Response by the pursuer
Mr Lloyd submitted that in any case which a client tries to commit suicide, the case becomes more complex and hence requires greater skill on the part of the solicitors.
Decision
I am satisfied in this case that an uplift can be justified under the following headings of Schedule 1 of the Act of Sederunt, viz. (i) complexity; (ii) skill; (iii) number of reports and (v) importance to the client. To some extent these categories inevitably overlap.
(i) Complexity
The case involved issues not restricted to orthopaedic matters and what became of particular importance at an early stage were the psychological and psychiatric effects on the pursuer of his injuries. That, in turn, reflected upon his suitability for future employment and raised the question of what type of work the pursuer could do in future. The fact that the pursuer's injuries were likely to have caused the breakdown in his marriage and that an adverse report from one of the defenders' specialists may have prompted his suicide attempt made the issue of future employment more complex than the norm and hence they came, in my opinion, exceptional (Walker v Gillespie, supra) or particularly unusual. (Gray v. Babcock, supra)
(ii) Skill
The various matters raised in the previous paragraph and, in particular, the pursuer's mental state were such as to place more than the normal demands on the skills of any solicitor involved. Considerable tact and patience may have been required in raising potentially-sensitive issues with the pursuer and not least those issues in relation to his future employment.
(iii) Reports
While there were not an unusual number of reports and productions in this case, their content required a careful consideration, particularly when aired with the pursuer, given his reaction to the report from Professor Rowley.

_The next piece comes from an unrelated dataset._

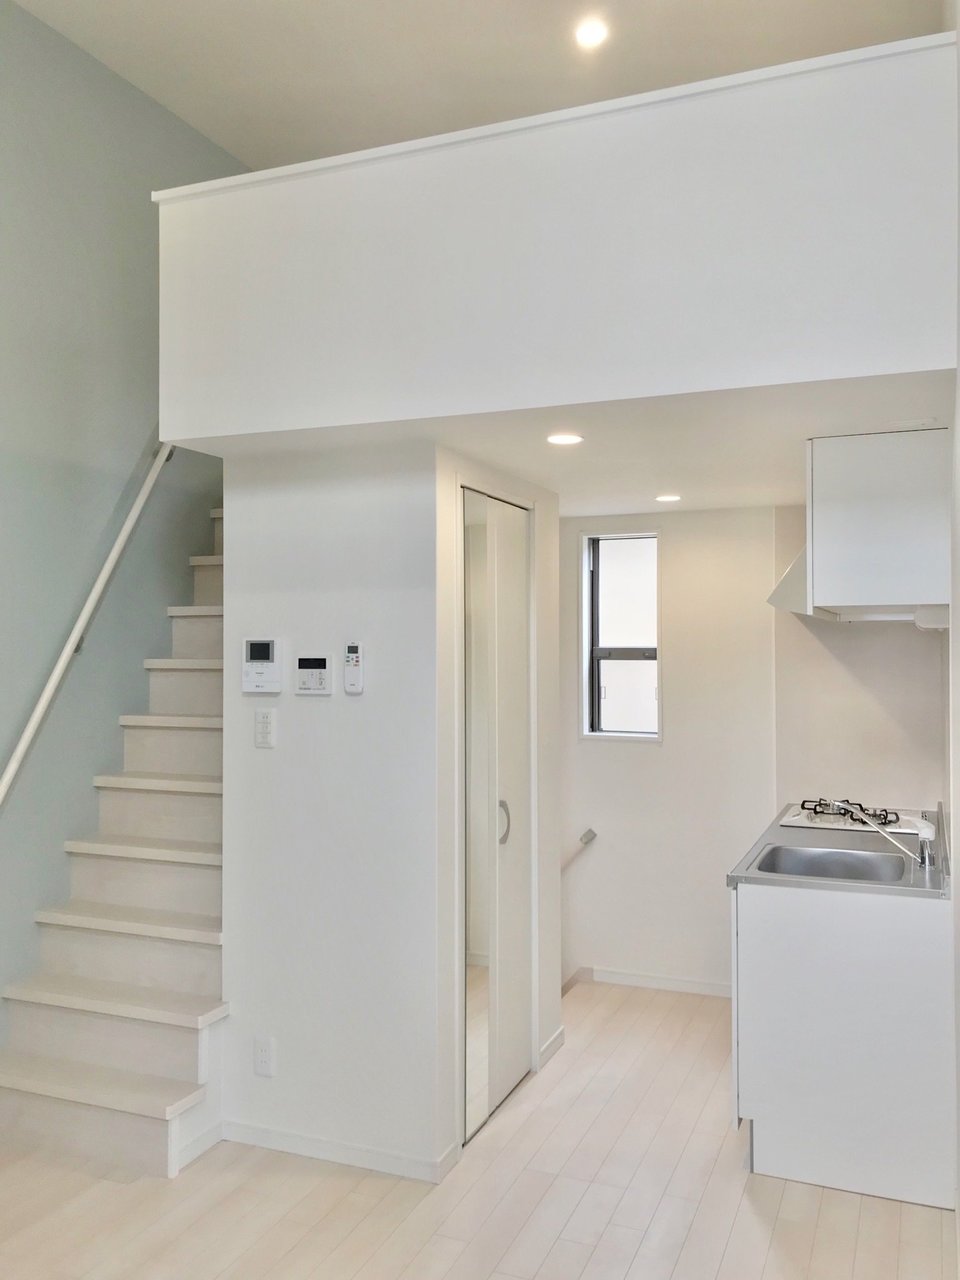 2階はシンプルな6.4畳の空間です。白いキッチン、白い床、それにブルーグレーの壁紙がよく映える。天井が高いのもいいですね。

(iv) Importance to the client.
While the outcome of any case is undoubtedly important to the client, the outcome of this case would be of particular importance to this pursuer, given the marital breakdown and his suicide attempt. The latter could have raised serious issues for any potential employer and hence was likely to make the calculation and agreement of any settlement figure more difficult, and more significant for the pursuer.
(vii) Settlement
While I accept that the settlement was achieved after a fruitful meeting between the parties, at which, no doubt, both counsel and the solicitors involved knew the particular importance of achieving a settlement for this pursuer. I do not, however, regard the efforts put in by the pursuer's solicitors as being particularly unusual in the circumstances.
Given that the pursuer's solicitors instructed counsel in this case, I am of the opinion that an uplift in the solicitors' fees of 75% cannot be justified. However, taking into consideration the headings under which I am of the opinion that an uplift is justified, I have come to the conclusion in the circumstances an uplift of 25% is appropriate.